Since a law was passed in 1956 banning the Roma’s nomadic lifestyle, they have had trouble integrating into Russian society, Abramenko said. While a recent census numbered Roma in Russia at some 200,000, Abramenko said the actual figures range between 400,000-500,000, because many are scared to identify as Roma and because the government didn’t allocate land to all of them after 1956. As a result, Roma people built houses without proper land ownership documents and, as a consequence, many aren’t registered.

This state of affairs also makes it difficult for Roma to attend school. And even if they are able to, they often face discrimination and drop out early. In 2017, Memorial specifically included the local school for Chemodanovka and Lopatka in a report to the United Nations Committee on the Elimination of Racial Discrimination. At the time, the school had separate classes for Roma.

“We have real apartheid with Roma people in Russian schools,” Abramenko said. “Because of this, parents take kids out of school early, thinking, ‘What’s the point?’ So the kids are handed the traditional Roma fate — early pregnancies and poverty. This cycle needs to be broken, but the authorities don’t care and deal with the problem in the language of repression.”

She highlighted an October 2018 Kremlin round table on a government drive to evict dozens of Roma from the Tula region south of Moscow. “You and I both know well that they professionally deal drugs there and people just don’t want to live near that — that’s the problem,” Putin told Demeter during the discussion.

“When you hear that from a regular person, you can let it slide,” Abramenko said. “But from the president?”

As an example of a commonly propagated scare story, she noted that Russian parents sometimes tell their children that “gypsies” will kidnap them if they misbehave. Dmitry also referenced the folktale as prevalent in Penza.

Days before Putin’s inauguration last year, a similar conflict to the one in Chemodanovka took place in the Ust-Abakan settlement in the remote Siberian Republic of Khakassia. During an argument that turned into a fight between a Roma person and an ethnic Russian, the Russian fell backward and hit his head, resulting in his death.

Almost immediately, around 500 local Roma fled because of threats from Russians, leaving their homes behind to be ransacked. Sergei Mikheyev, a colleague of Abramenko’s at Memorial, wrote after a visit to the settlement last summer that what he saw reminded him of pictures of the Jewish pogroms of the last century.

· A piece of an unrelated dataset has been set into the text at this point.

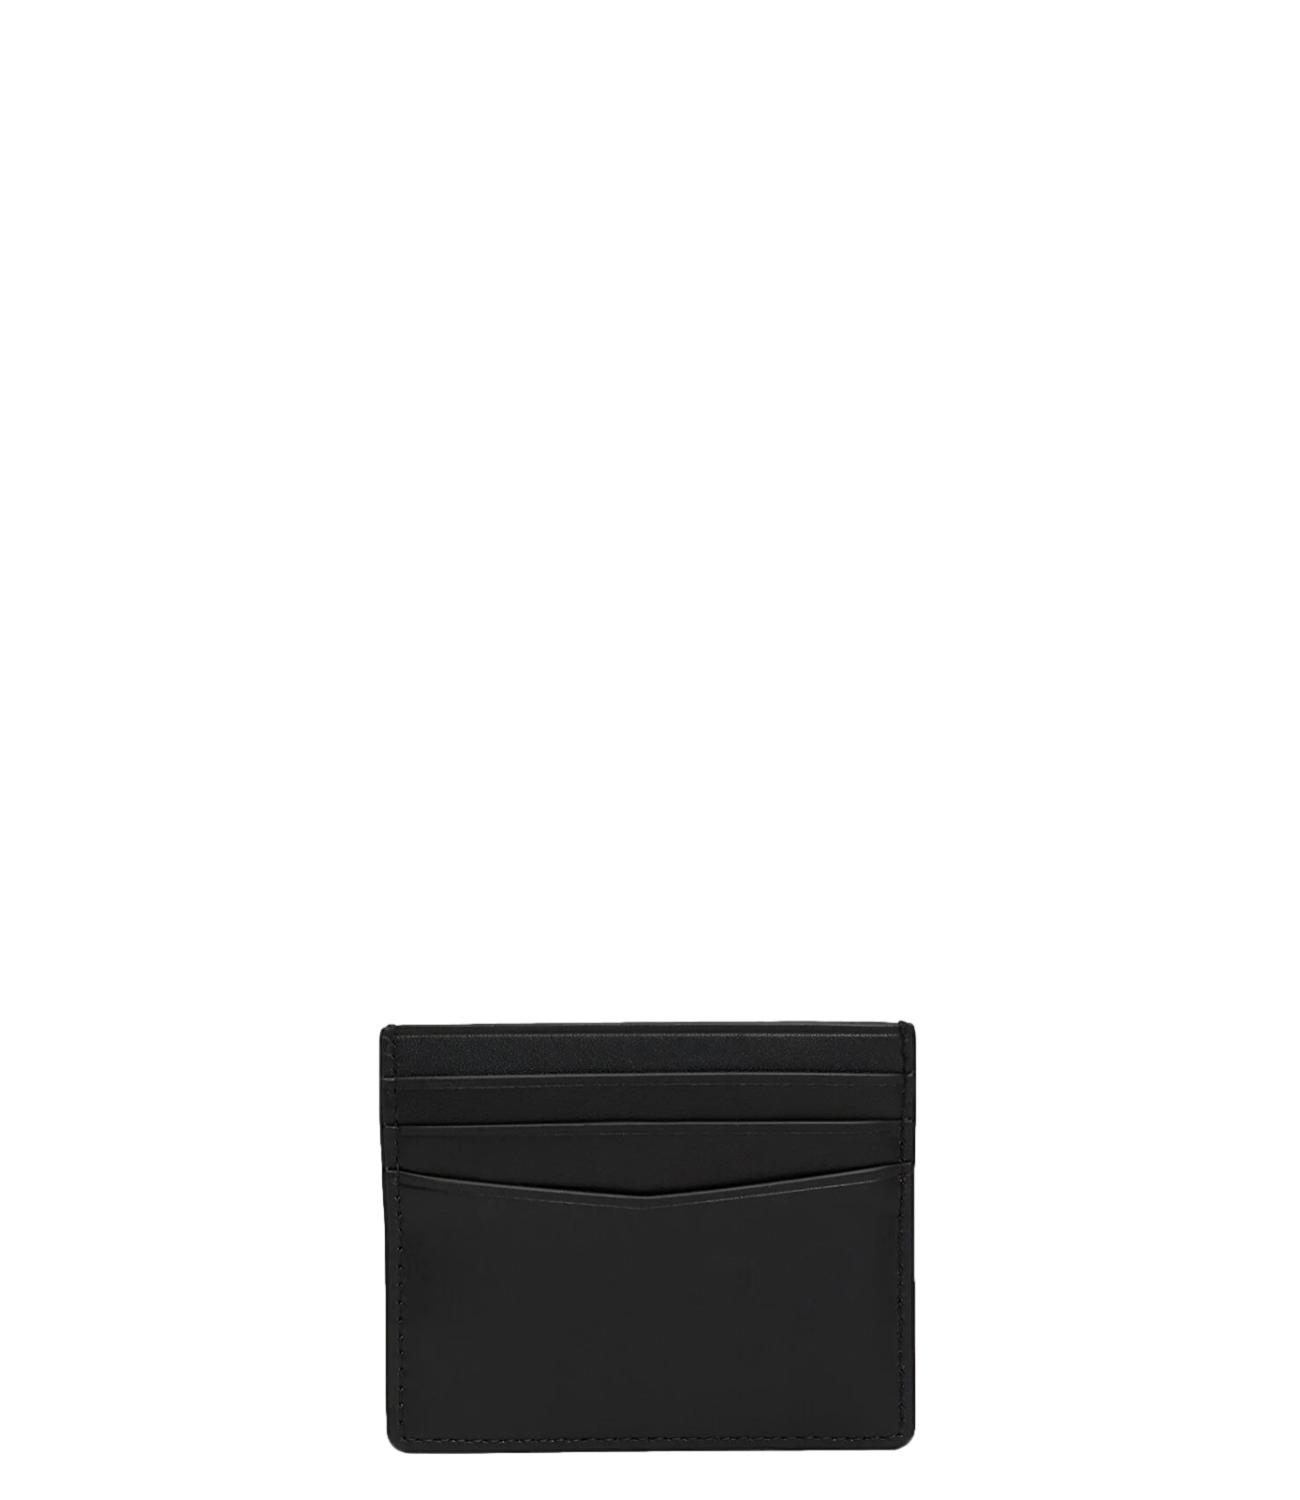 Portacarte Calvin Klein nero con logo cK

By September, some of the families who had left had begun to return, but local officials said 11 of their homes would be razed. The families sued, with the local court ruling in their favor. But after officials appealed, Khakassia’s Supreme Court stood with officials in a decision at the end of May. The families’ lawyer Valery Zaytsev told The Moscow Times that they will have 30 days to vacate their homes once officials announce eviction proceedings in the coming days.